## DATA BELOW
# # # # #

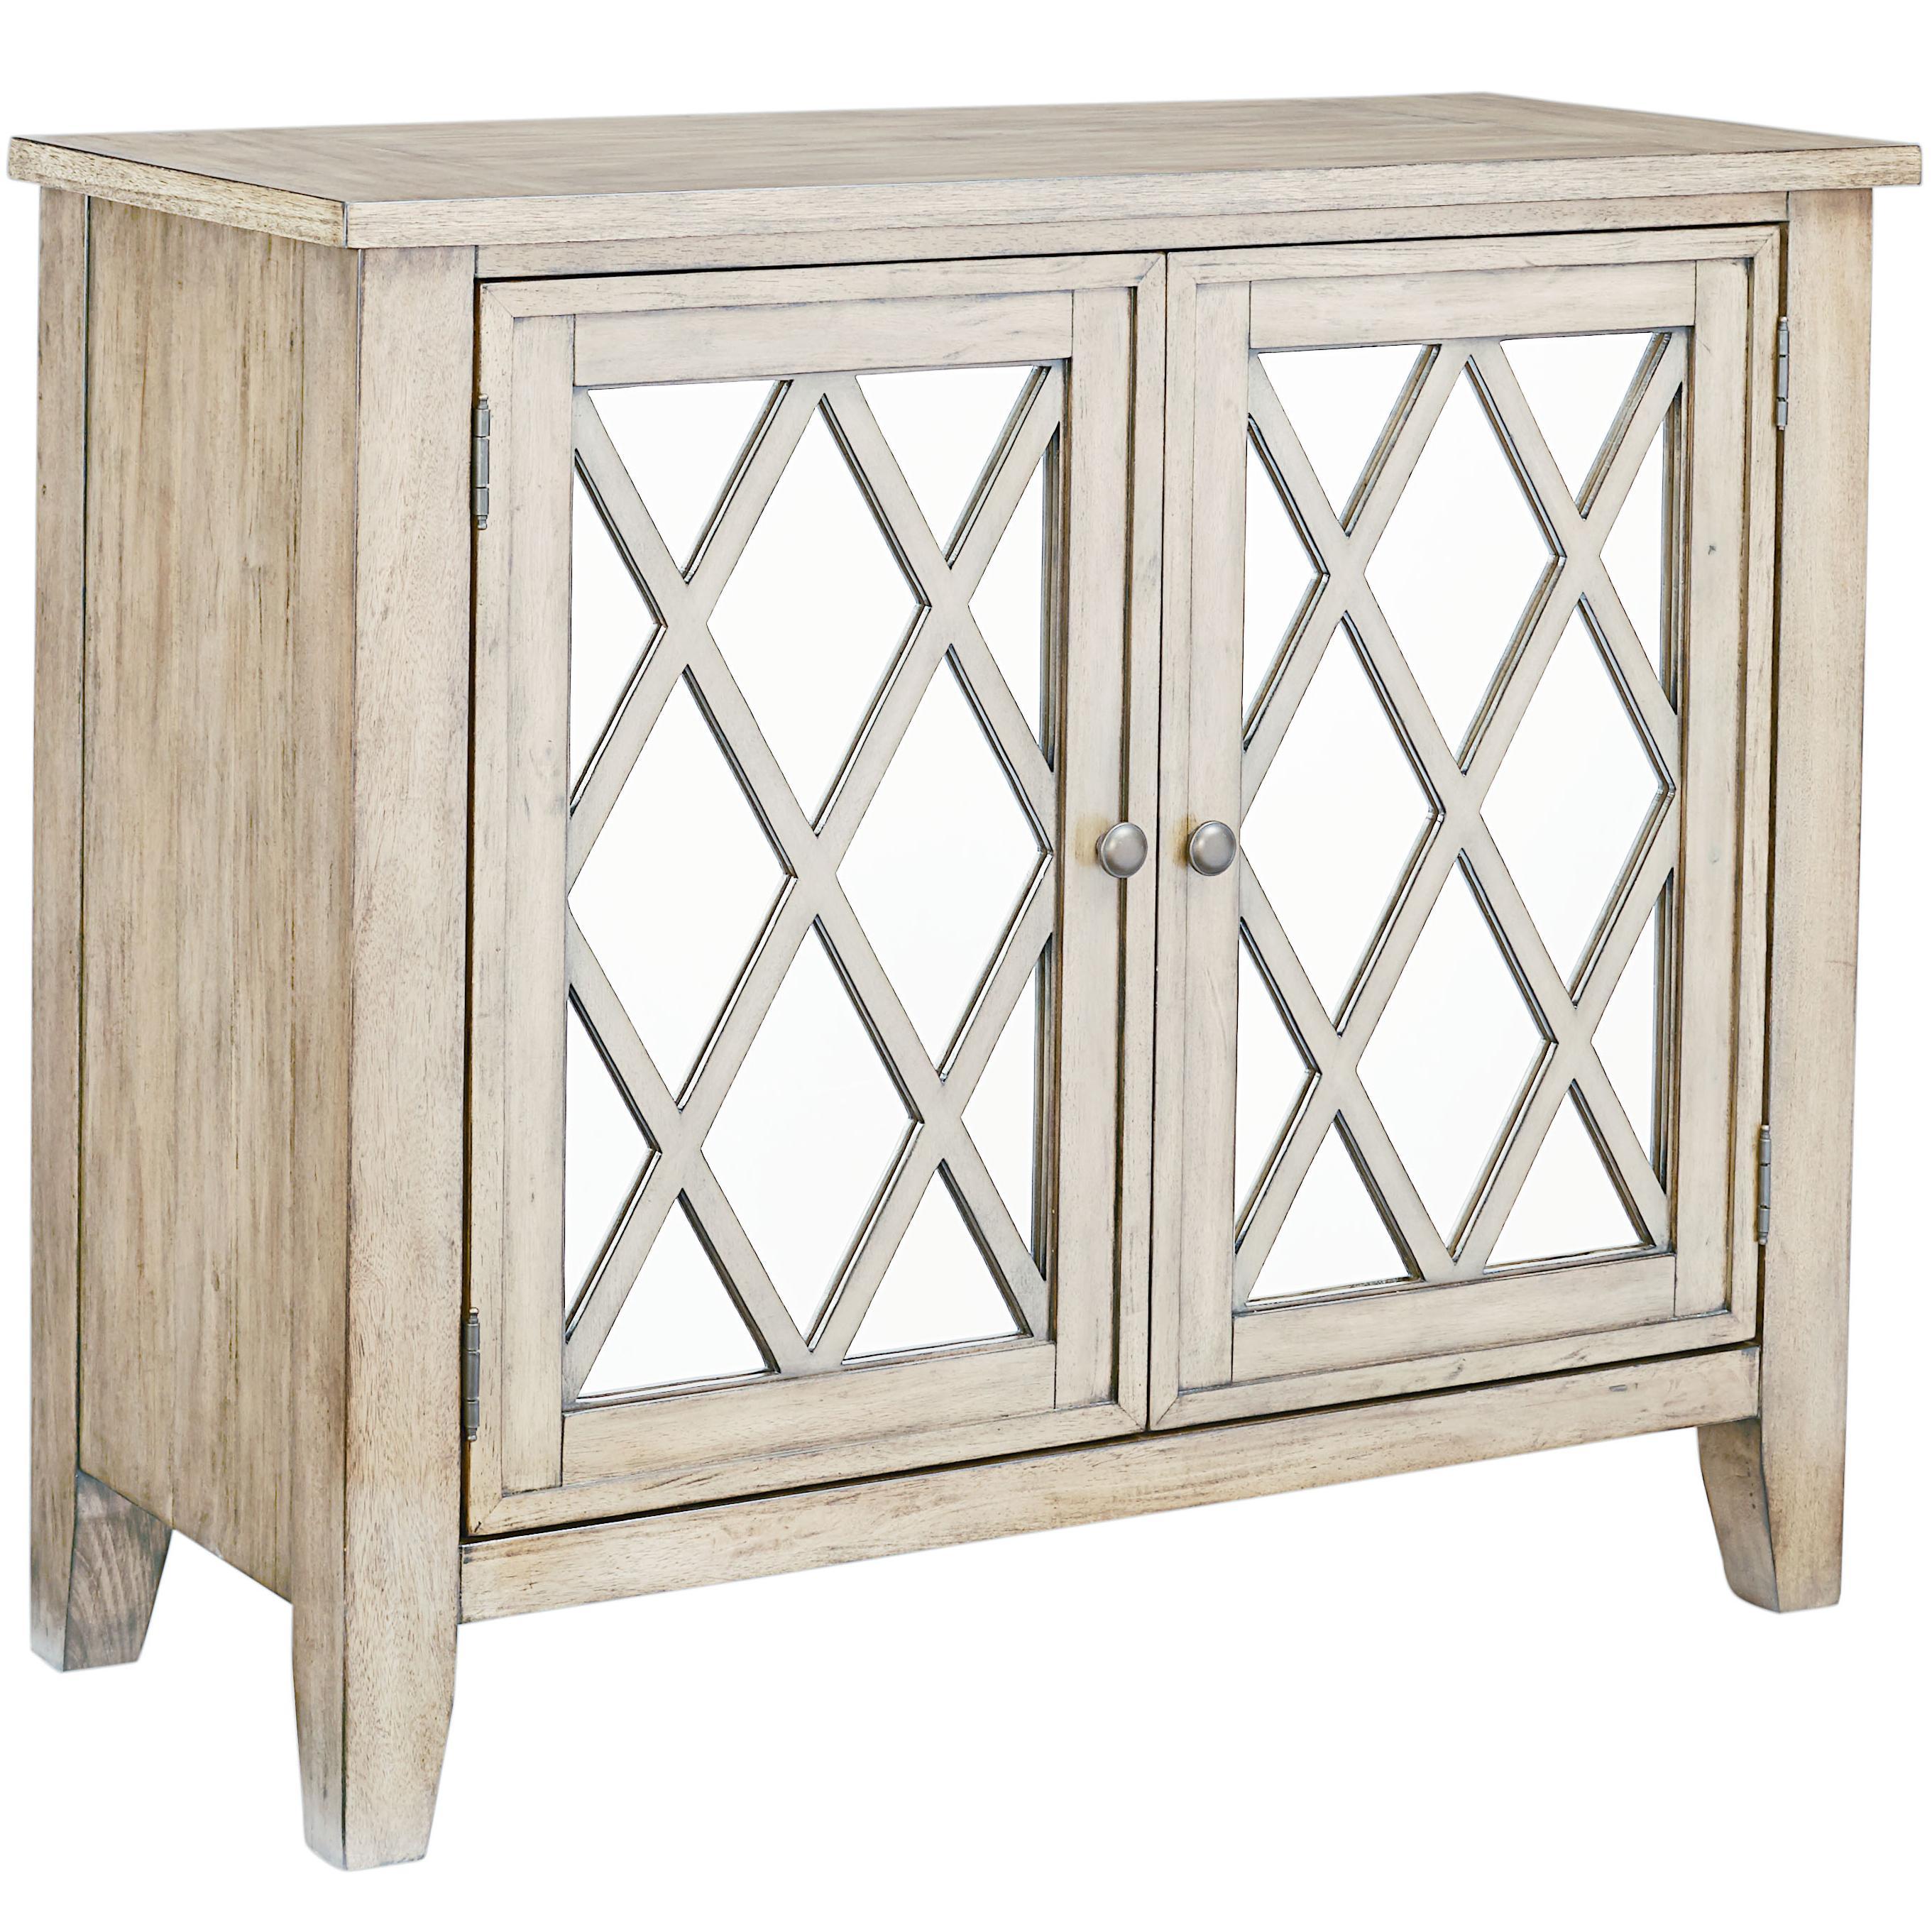 Standard Furniture Vintage Server - Item Number: 11308
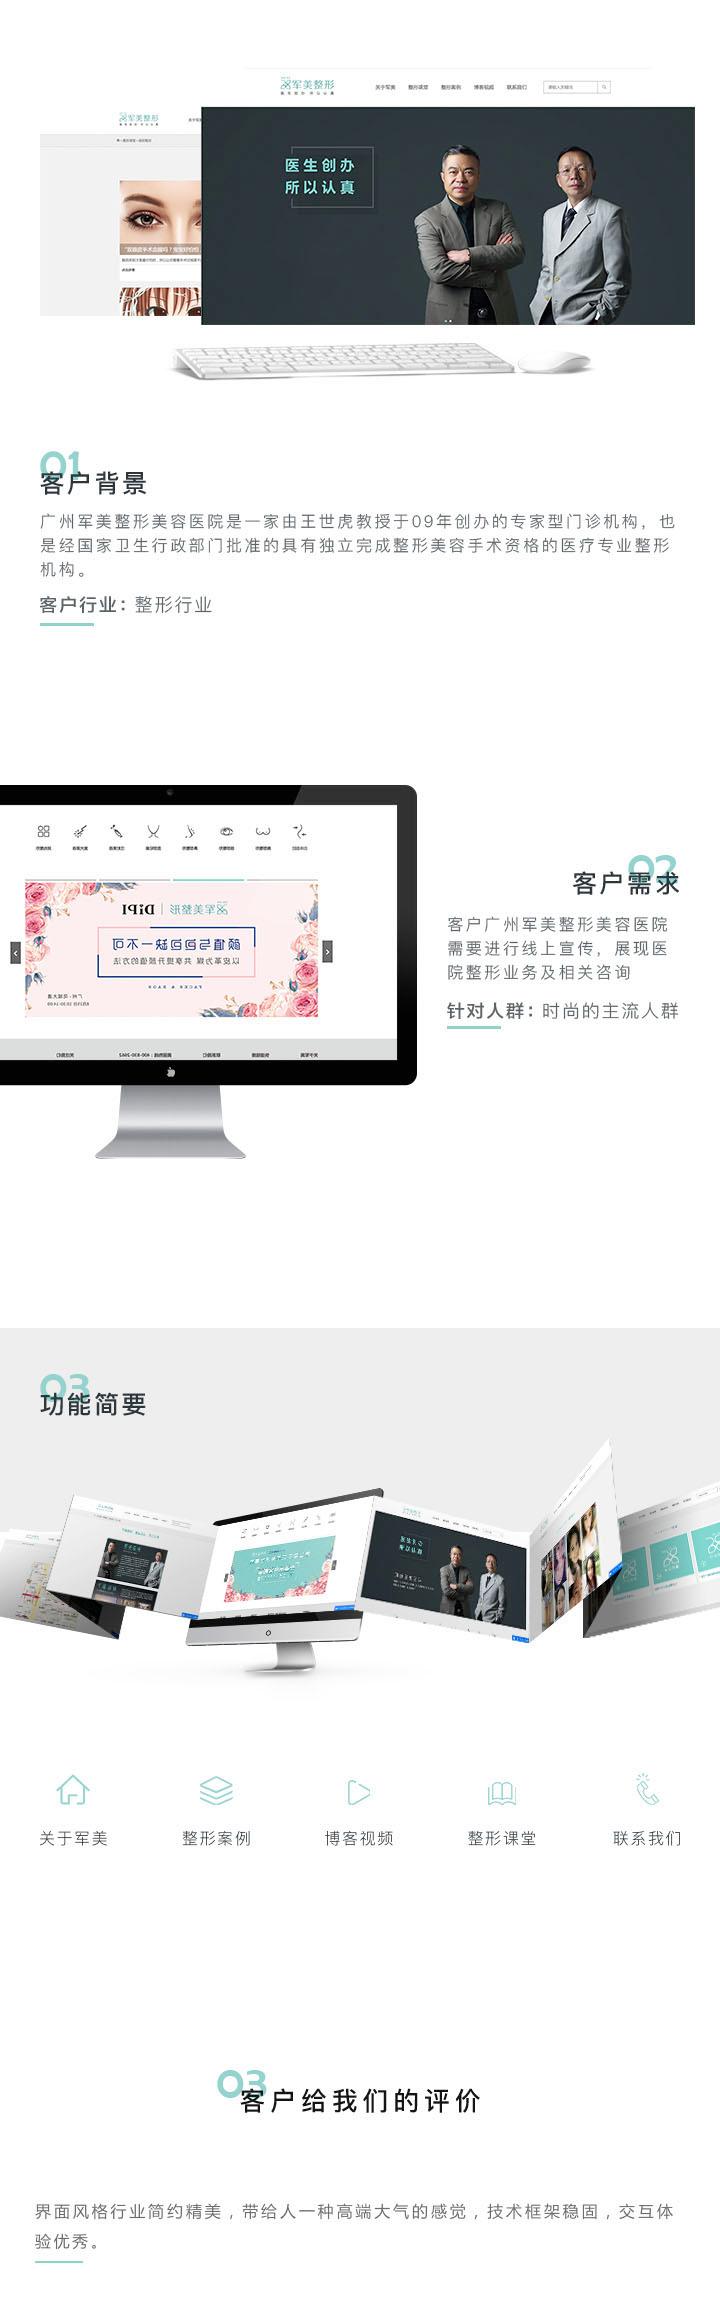 【军美整形】官网网站建设
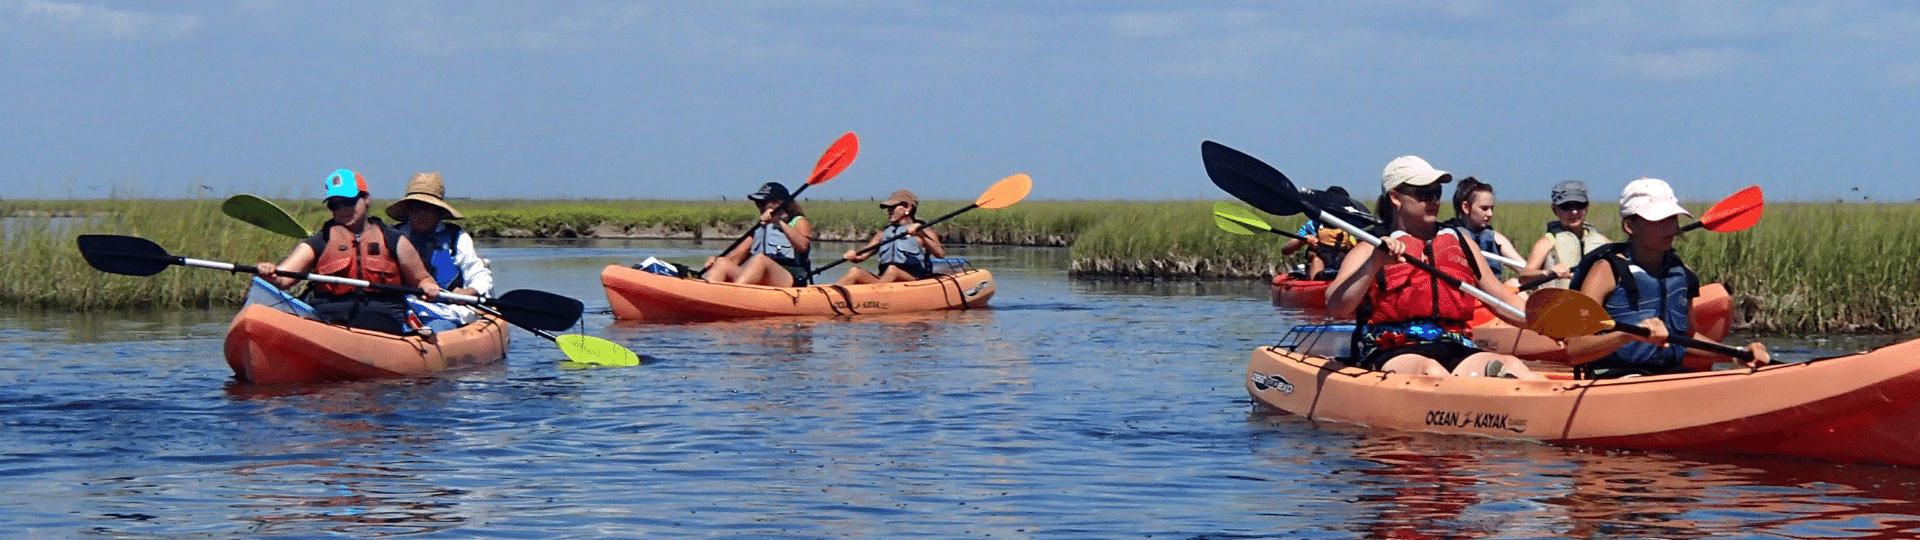 kayaking in Galveston TX

# # # # #

## EXERCISE INSTRUCTIONS
Leave the pictures out and return the rest of the listing exactly.

## SOLUTION TO THIS TASK
 Standard Furniture Vintage Server - Item Number: 11308
 【军美整形】官网网站建设
 kayaking in Galveston TX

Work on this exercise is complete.